The natural need for physical activity at a young age should be used to promote health and controlled sport disciplines, especially up-to-date like fitness. On the one hand, of particular importance is the standard formation of active young women investigation. The ability to control and regulate menstrual dysfunction has a fundamental role in the efficient and safe execution of many activities and special motor tasks. Better physique is perceived by others as a sign of good health and self-control. However, it is not uncommon for unrealistic, unattainable image goals to cause the development of eating disorders or other maladaptive perceptions of self [37]. These factors could be a cause of young women’s menstrual dysfunction [38]. On the other hand, cultivated physical activity is significant, especially because nowadays young people are leading a sedentary lifestyle [39].

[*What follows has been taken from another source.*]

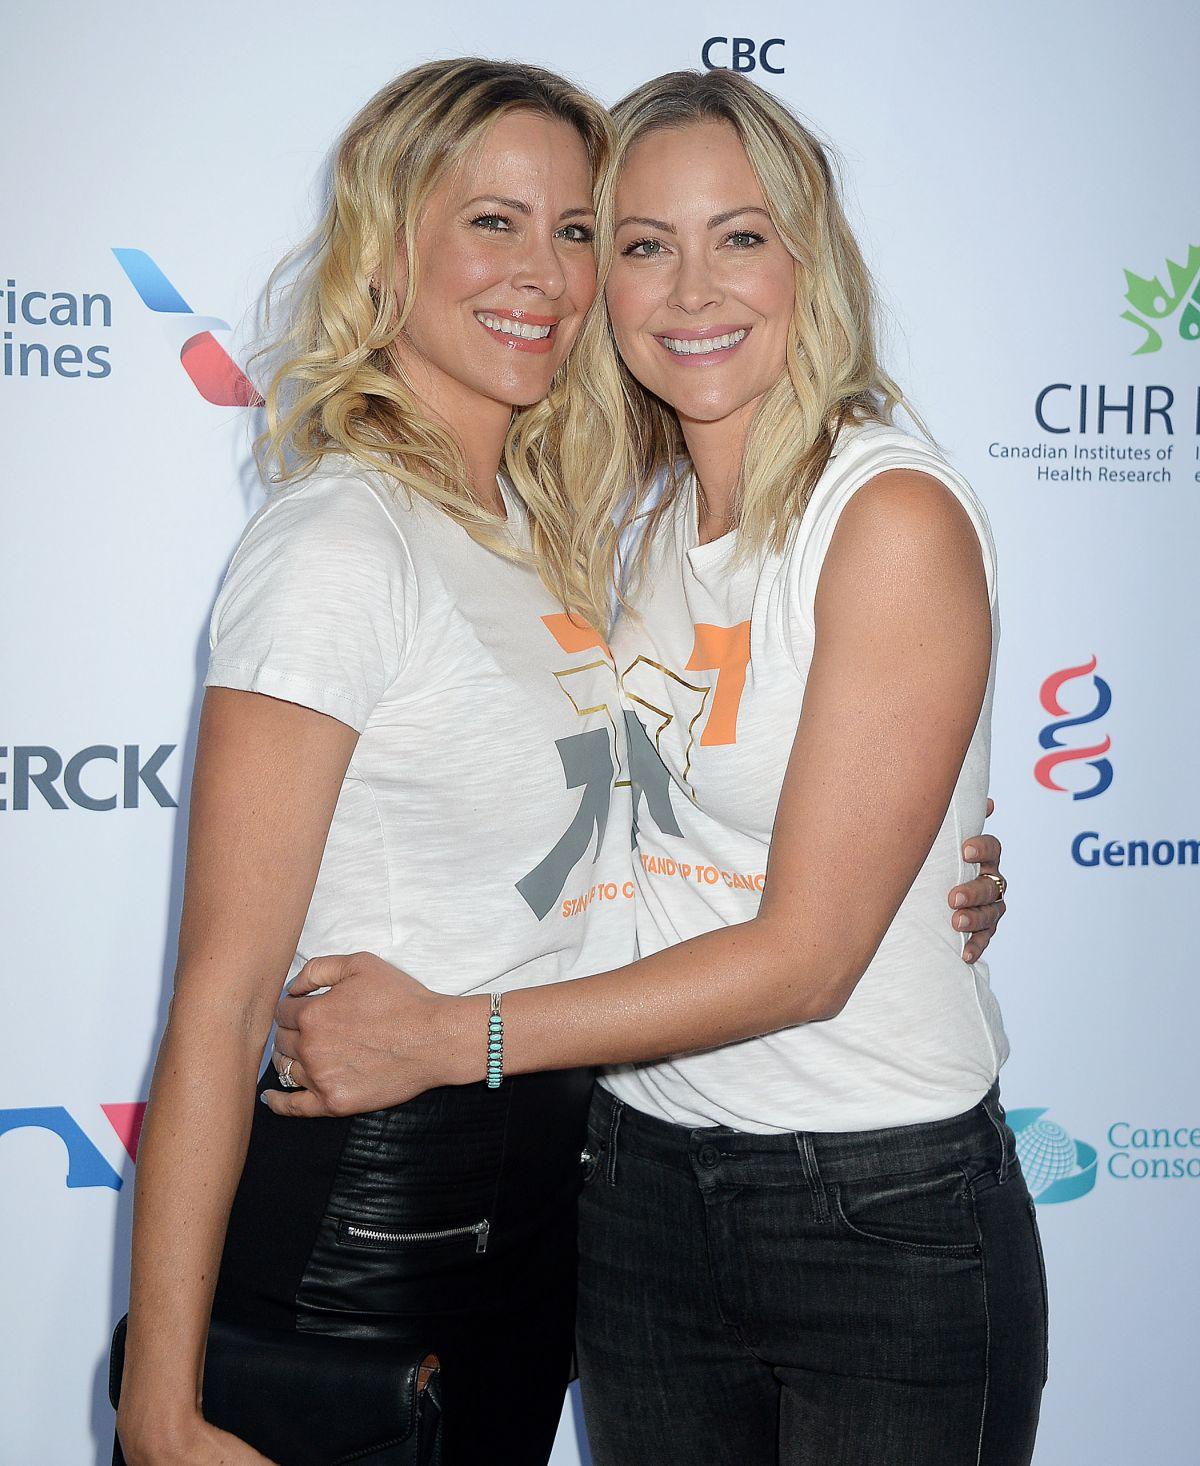 Brittany Daniel & Cynthia Daniel Snow At 5th Biennial Stand Up To Cancer, Los Angeles
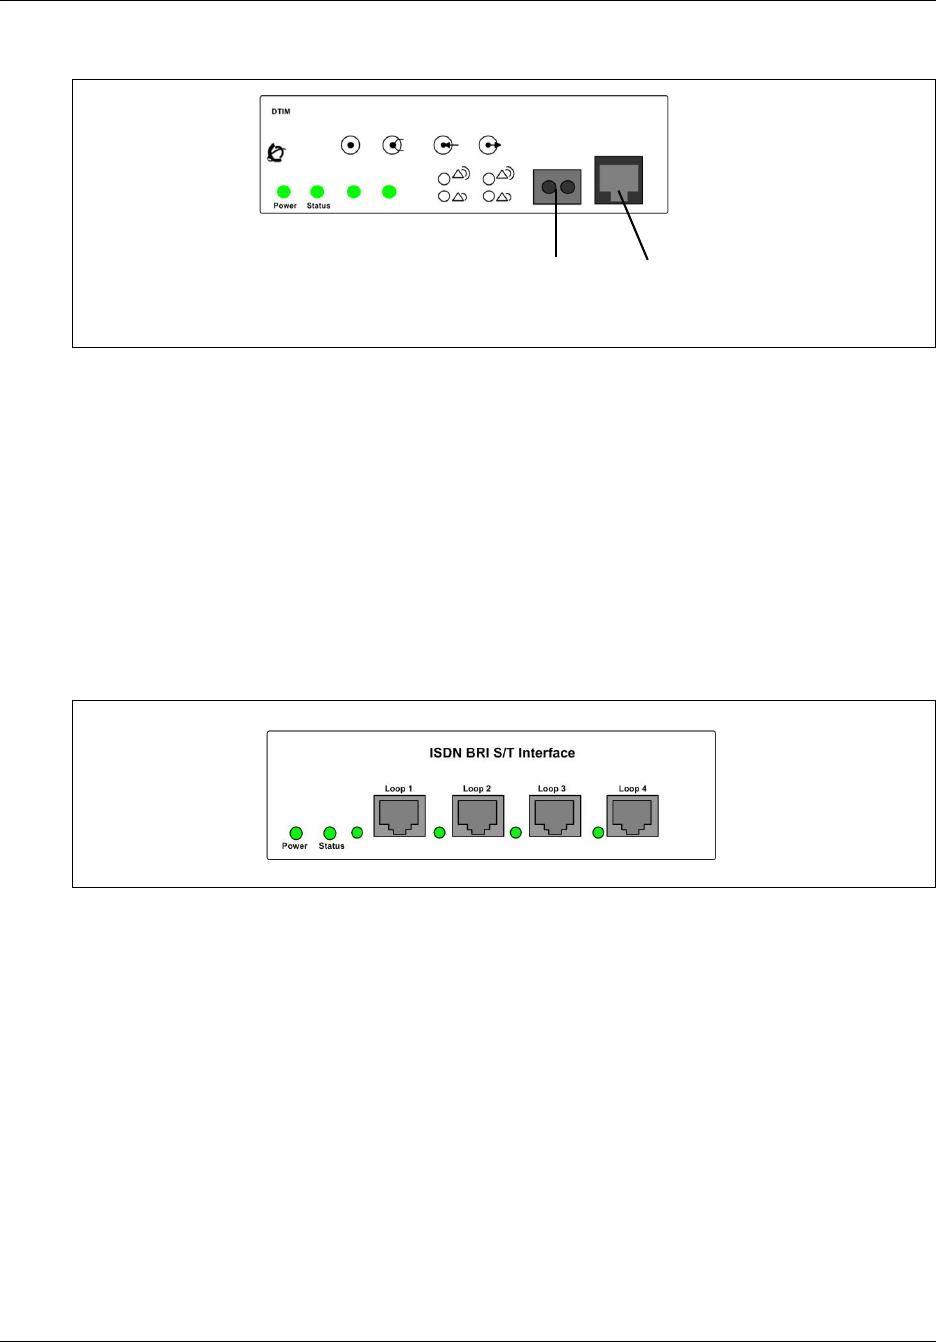 isdn wiring diagram isdn wiring diagram auto wiring diagrams  isdn wiring diagram auto wiring diagrams

The main limitations of the study were the small study groups and assessment of sclerostin and bone turnover markers after only 3 months of fitness training. Furthermore, we did not assess calcium and phosphorus levels or calcium, phosphorus, and vitamin D intake. Moreover, bone density was not analyzed.

In conclusion, our results show that regular fitness training, sex hormones, vitamin D, iPTH, β-CTx, and osteocalcin did not influence circulating sclerostin levels in young women.

Conflict of interest

The authors declare no conflict of interest.